Effect of pH and Temperature on Zeaxanthin Production
Zeaxanthin-producing strains were studied for the optimum pH and temperature on its growth and zeaxanthin production. An initial medium pH (6–8) and incubation temperature (25–35 °C) were examined. The strains were incubated at 150 rev/min for 4 days. All experiments were done in triplicate and the mean results were reported.
Growth and Zeaxanthin Production Under the Optimum Condition
Study on bacterial growth and zeaxanthin production was carried out under optimal pH and temperature. The bacterium was cultivated in 250-ml flasks containing 100 ml of modified Zobell broth. The flasks were incubated on a rotary shaker operated at 120 rev/min for 4 days. During incubation, samples were taken periodically to determine growth, pH, and zeaxanthin. All experiments were done in triplicate and their mean results were reported.
Statistical Analysis
The quantitative analyses of zeaxanthin were performed in triplicate and the mean values were calculated. The data was statistically analyzed by the SPSS 16.0 software (SPSS, IL, USA) using analysis of variance (ANOVA) and Duncan’s multiple range tests to determine significant differences between the means (p < 0.05).
Results
Isolation and Zeaxanthin Production of Sponge-Associated Bacteria
A total of 24 bacteria were isolated from the sponge samples collected in the Gulf of Thailand. Most of them were Gram negative rods (data not shown). Of all isolates tested, the three most distinctively colorful zeaxanthin-producing strains were CHOB06-6, KODA19-6, and MAKB08-4 (Fig. 1). They produced zeaxanthin in a range of 0.08–0.62 mg/l after 4 days of cultivation. The isolate KODA19-6 was found to be the best zeaxanthin producer. It produced the highest zeaxanthin yield of 4.1 mg/g and gave the lowest biomass of 0.15 g/l.

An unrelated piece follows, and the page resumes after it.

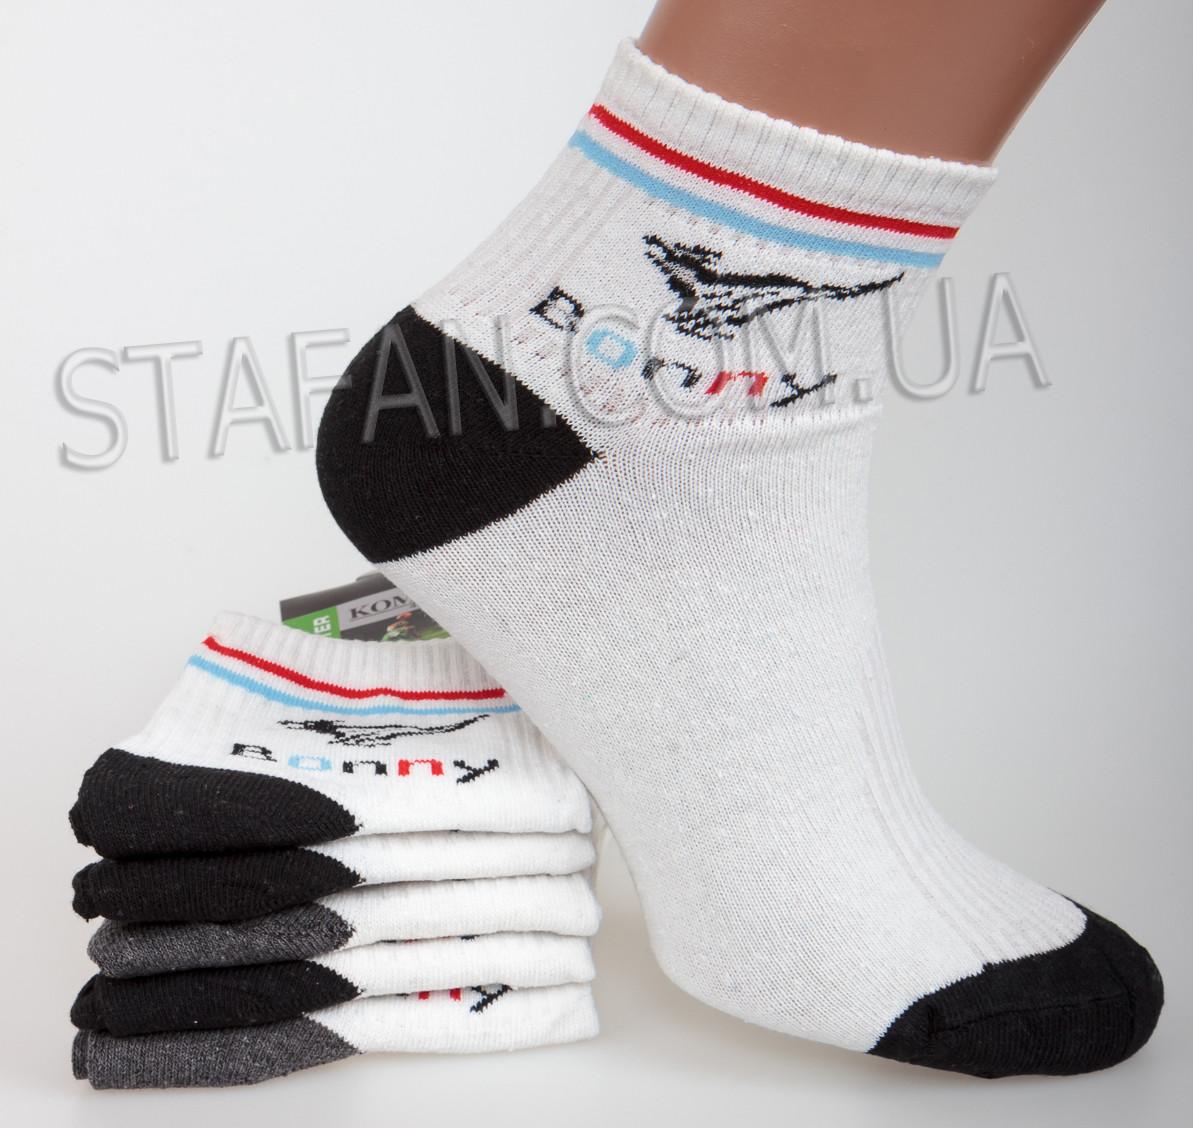 Продам носки оптом цена 5-6-1. В упаковке 12 пар

Growth and zeaxanthin production of sponge-associated bacteria in a modified Zobell medium under the cultivation condition: pH of 7.6, 30 °C, 120 rev/min for 4 days. (a, b, and c represent significantly different data at p < 0.05)

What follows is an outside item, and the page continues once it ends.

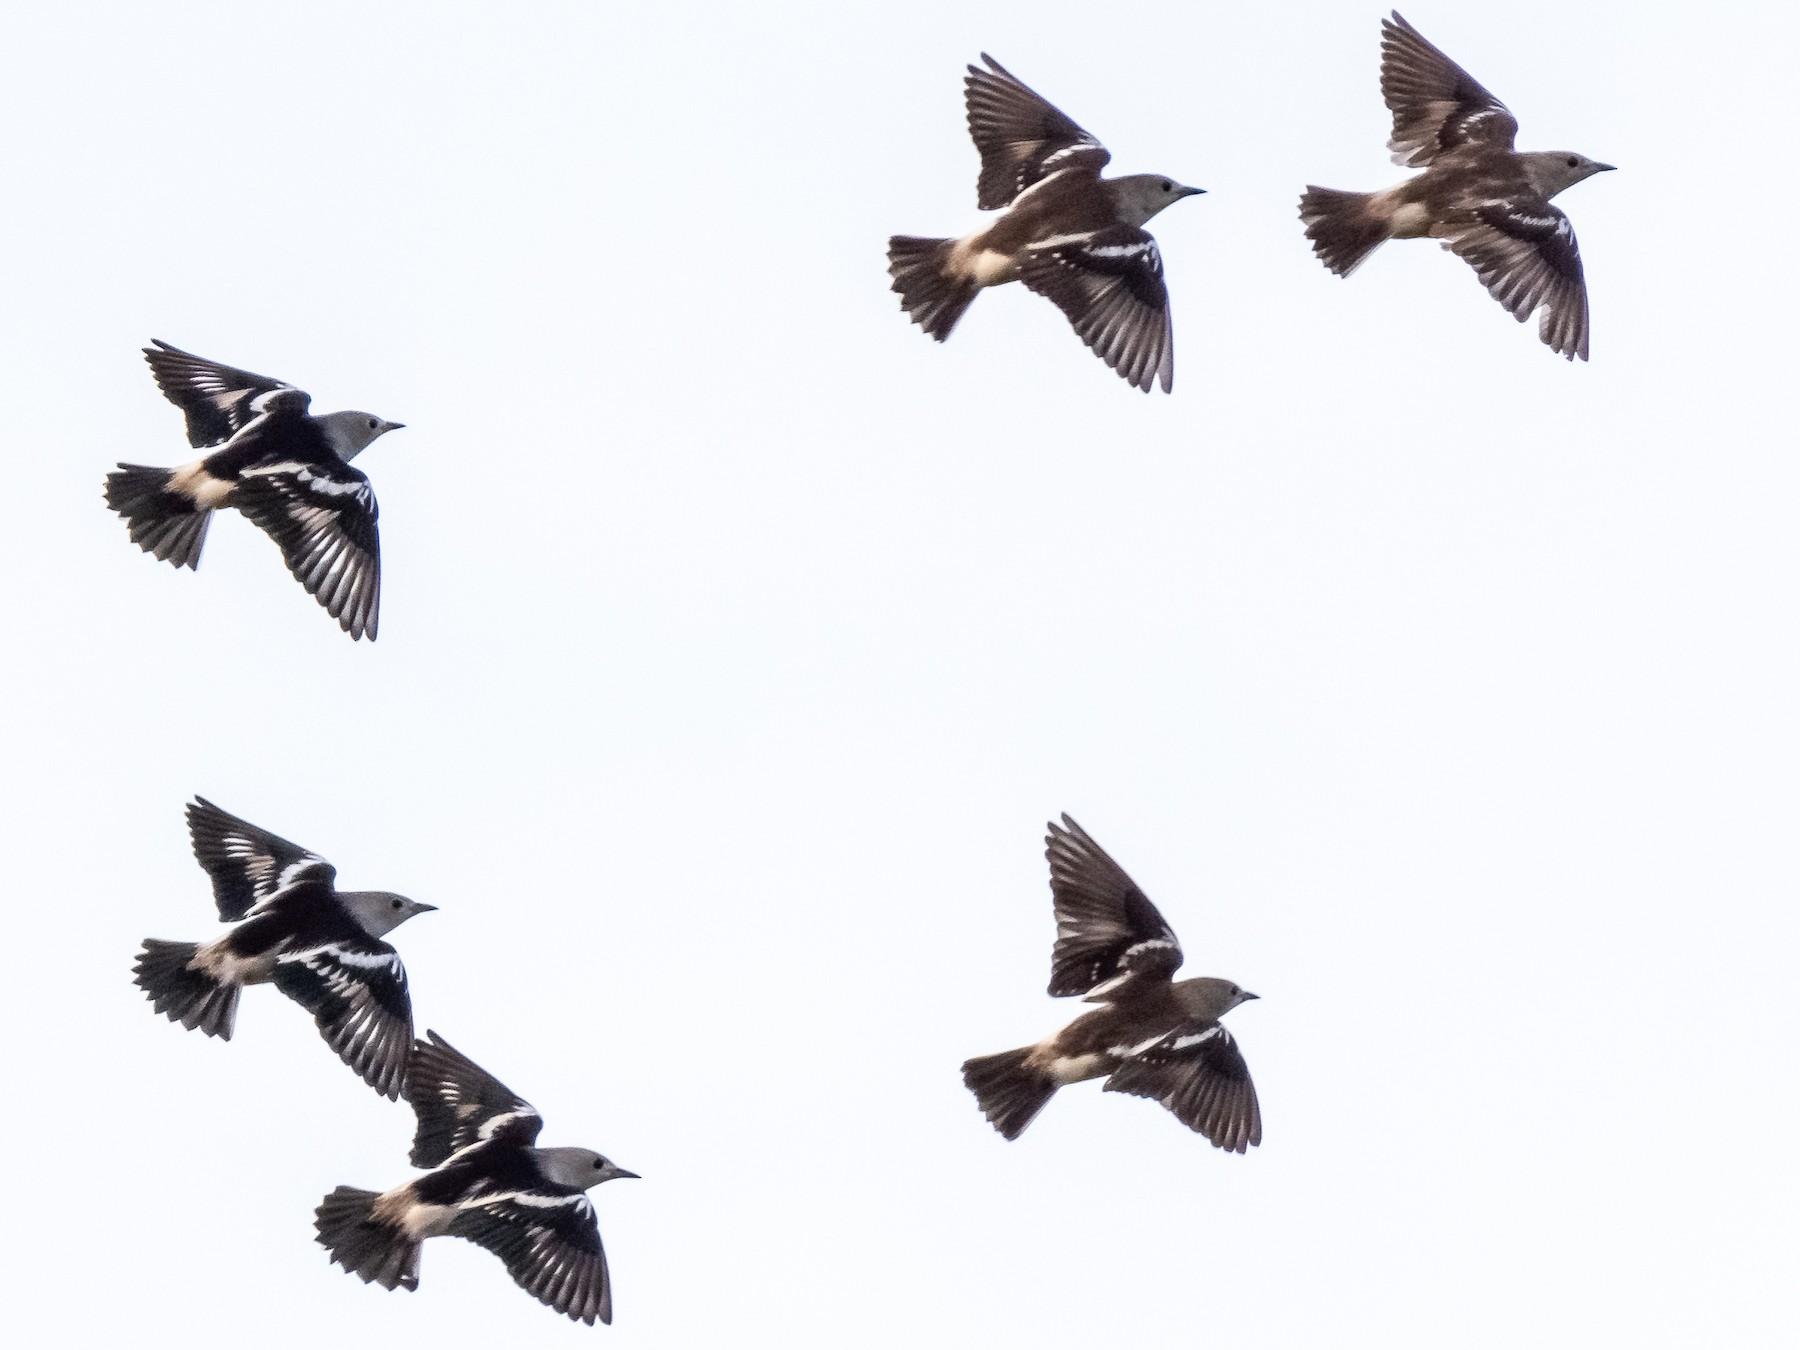 Daurian Starling - Balaji P B

Identification of Zeaxanthin-Producing Bacteria Associated with Sponge
Three zeaxanthin-producing bacteria, CHOB06-6, KODA19-6, and MAKB08-4, were isolated from the sponges M. (Zygomycale) parishii from Chaolao Beach, Chanthaburi province, T. seychellensis from Kood Island, Trat province, and Pseudoceratina sp. from Mak Island, Trat province, respectively. All strains were Gram negative, weakly motile, non-spore-forming and short rods or cocci as shown in Table 1. The cells exhibited 0.9–1.7 μm in width and 1.3–2.4 μm in length. All strains formed circular, smooth yellow colonies on the modified Zobell agar and were able to grow at 30 °C under aerobic condition.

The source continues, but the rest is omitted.